GOAL OF THE EXERCISE> Transcribe, starting at the line with "T-SHIRT KAPPA KAPPA" and ending at the line with "K6087tc 未使用 Zippo", every line of the material below exactly, but leave out the pictures and anything outside that span.

RECORDS SHOWN>
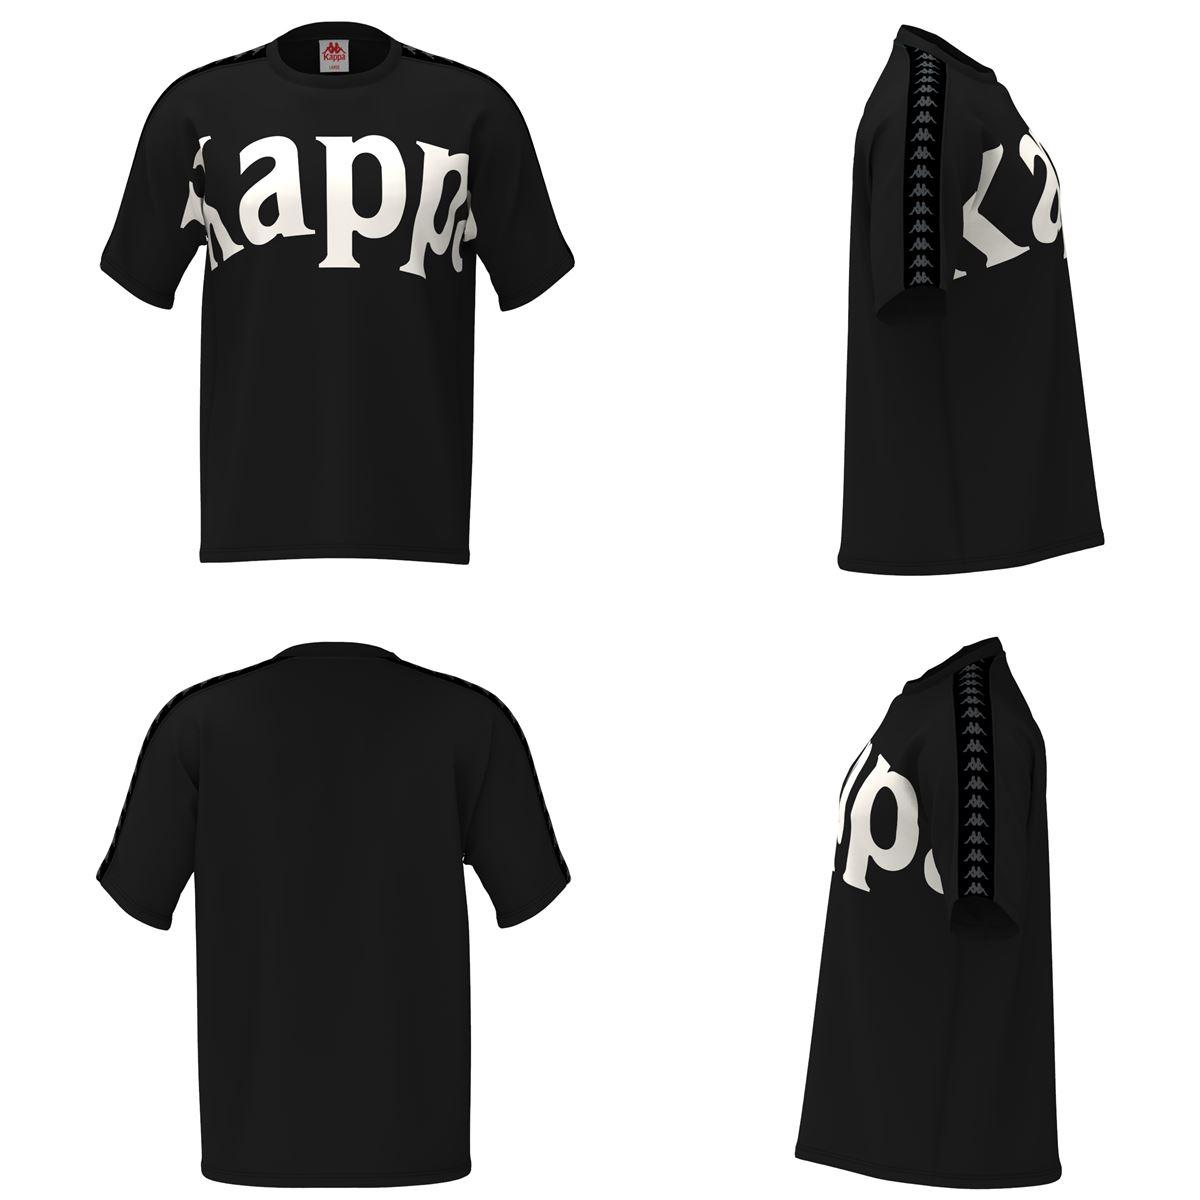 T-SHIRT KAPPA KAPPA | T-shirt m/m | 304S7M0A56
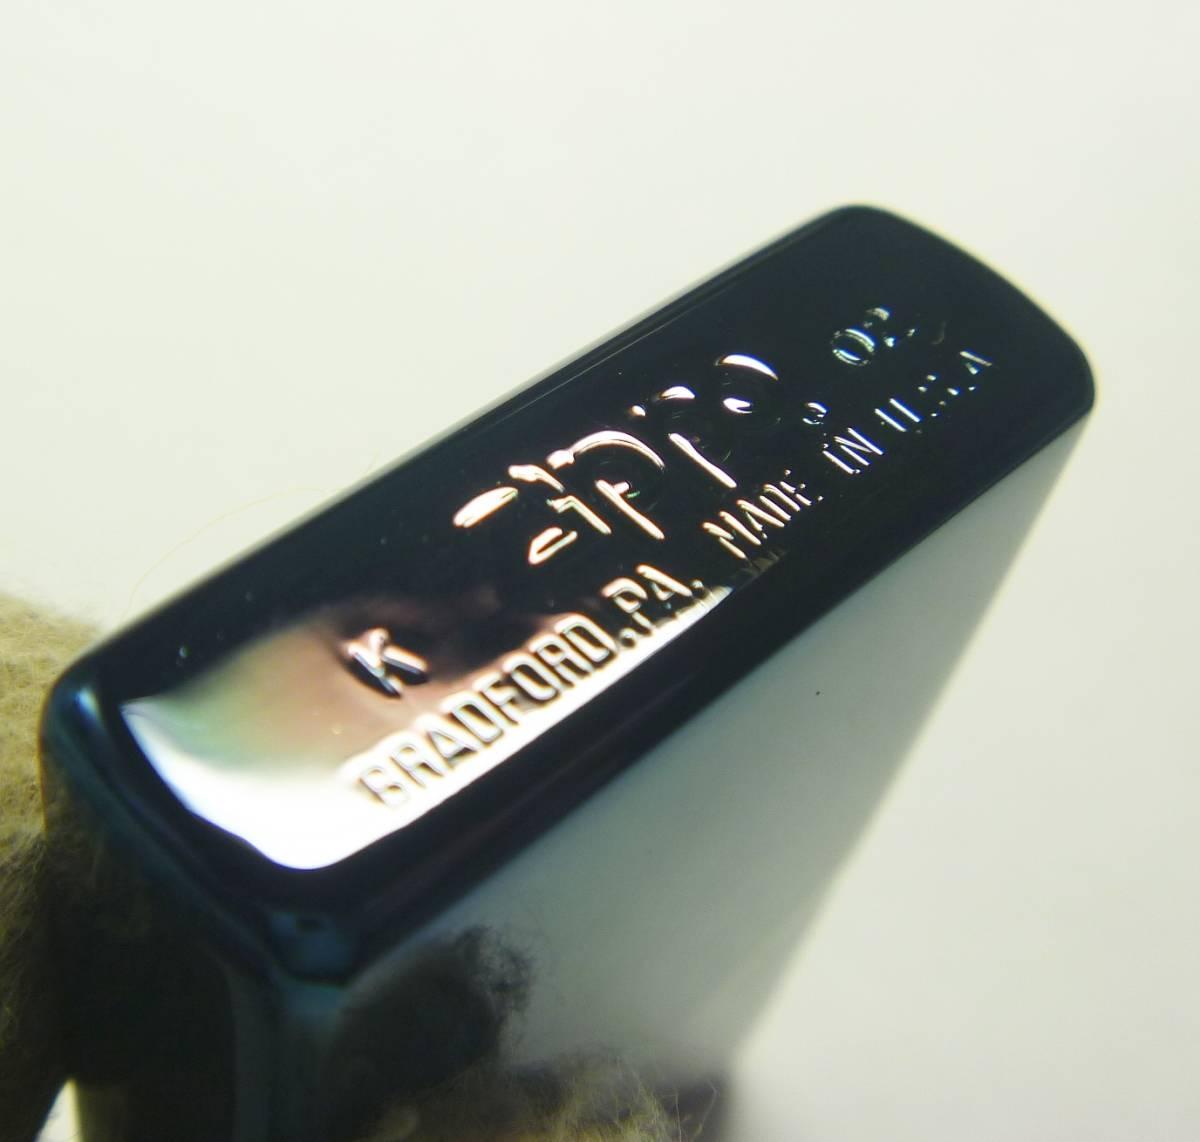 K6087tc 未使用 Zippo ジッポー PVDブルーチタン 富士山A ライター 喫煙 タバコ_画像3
---
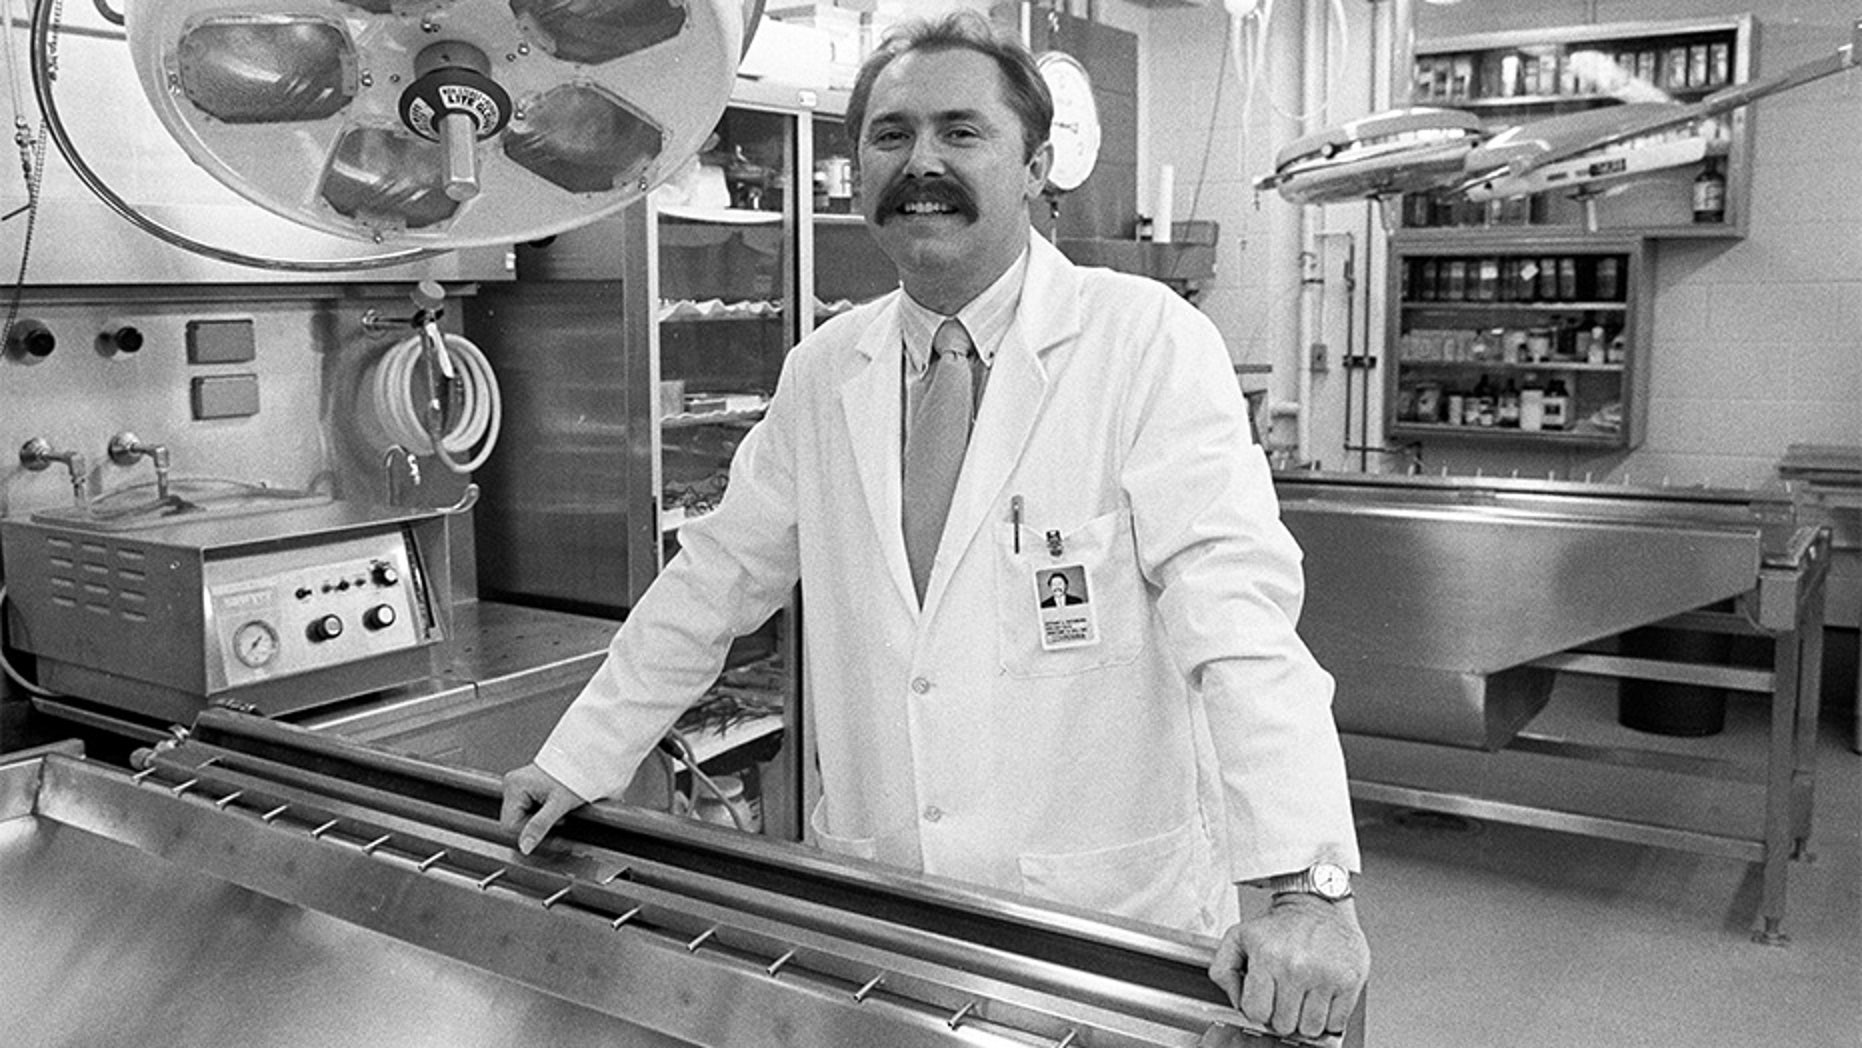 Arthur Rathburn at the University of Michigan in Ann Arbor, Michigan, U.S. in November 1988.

YOUR RESPONSE>
 T-SHIRT KAPPA KAPPA | T-shirt m/m | 304S7M0A56
 K6087tc 未使用 Zippo ジッポー PVDブルーチタン 富士山A ライター 喫煙 タバコ_画像3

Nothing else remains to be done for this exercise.